2. The design system of claim 1, wherein the segments of code further comprise a comment, wherein the editor is further configured to display the comment and the inactive segments of code with at least one same display format.
3. The design system of claim 2, wherein the at least one same display format is a visibly different gray scale from the first display format.
4. The design system of claim 3, wherein the inactive segment of code has at least one different display format than the comment.
5. The design system of claim 1, further comprising a preprocessor directive, wherein the pre-processor directive defines segments of code as active or inactive.
6. The design system of claim 5, wherein the editor is configured to automatically switch the display format of one of the segments of code from the first display format to the second display format in response to a change to the pre-processor directive.
7. The design system of claim 5, further comprising a compiler configured to interpret the pre-processor directive, a linker and a debugger.
8. The design system of claim 5, wherein the preprocessor directive is selected from the group consisting of a #define directive, a #undef directive, a #if directive, a #ifdef directive, a #ifndef directive, a #else directive, a #elif directive, and a #endif directive.
9. A method of displaying segments of source code in an integrated development environment, comprising:
distinguishing inactive segments of the source code from active segments of the source code; and
displaying the active segments of the source code in a first display format and the inactive segments of the source code in a second display format different than the first display format.
10. The method of claim 9, further comprising:
receiving a change to the source code which changes one of the active segments of the source code to an inactive segment of the source code; and
changing the display format of the one of the active segments of the source code from the first display format to the second display format.
11. The method of claim 9, wherein the step of distinguishing includes applying a pre-processor directive to the source code to determine the active and inactive segments.
12. The method of claim 11, wherein the first display format includes a first color or font and the second display format includes a second color or font.
13. The method of claim 9, further comprising displaying comments and inactive code segments with at least one same display format.
14. A design system, comprising:
means for distinguishing active segments of code from inactive segments of code; and
means for displaying the active segments of code in a first display format and for displaying inactive segments of code in a second display format.
15. The design system of claim 14, wherein the means for displaying displays comments and inactive code segments with at least one same display format.
16. The design system of claim 14, wherein the first display format and the second display format have visibly different gray scales.
17. The design system of claim 16, wherein the second display format has a lighter gray scale than the first display format.
18. The design system of claim 14, wherein the means for distinguishing includes applying a pre-processor directive to distinguish between active and inactive segments of code.
19. The design system of claim 14, further comprising means for compiling the segments of code.
20. The design system of claim 19, wherein the means for displaying automatically switches the display format of one of the segments of code from the first display format to the second display format in response to a change to a pre-processor directive.
Description
BACKGROUND OF THE DISCLOSURE

[0001] Many design systems are available to assist software and systems developers in designing programs. For example, integrated development environments (IDEs) typically provide an on-screen editor, compiler, linker and debugger, or some combination thereof, in a single software package. The software is operable on any number of computer systems, such as desktop or mainframe computers, and provides a convenient environment in which programmers can design, construct, and verify programs.

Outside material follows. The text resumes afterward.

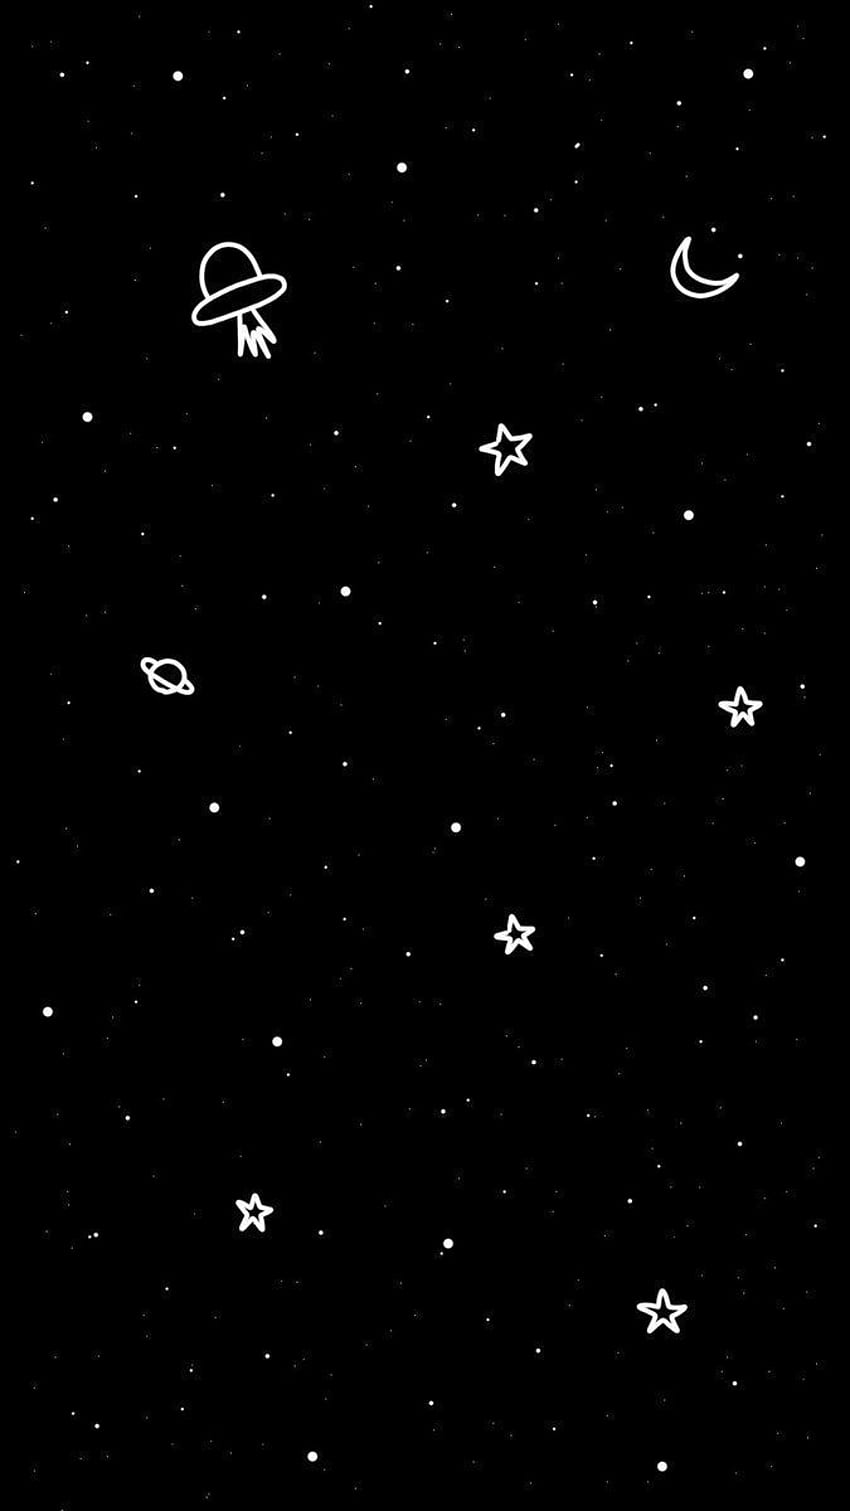 Black aesthetic wallpaper with white stars and a spaceship - Stars

[0002] When reviewing lines of code on-screen, confusion can arise from the large number of lines of code, various conditional statements, complex subroutine calls, etc. Indentation, comments, and code organization have helped to reduce confusion. Also, some IDEs use color and font to differentiate programming language keywords, variables, comments, etc. Even some stand-alone editors allow for syntax highlighting (i.e. keywords). However, further improvements are needed.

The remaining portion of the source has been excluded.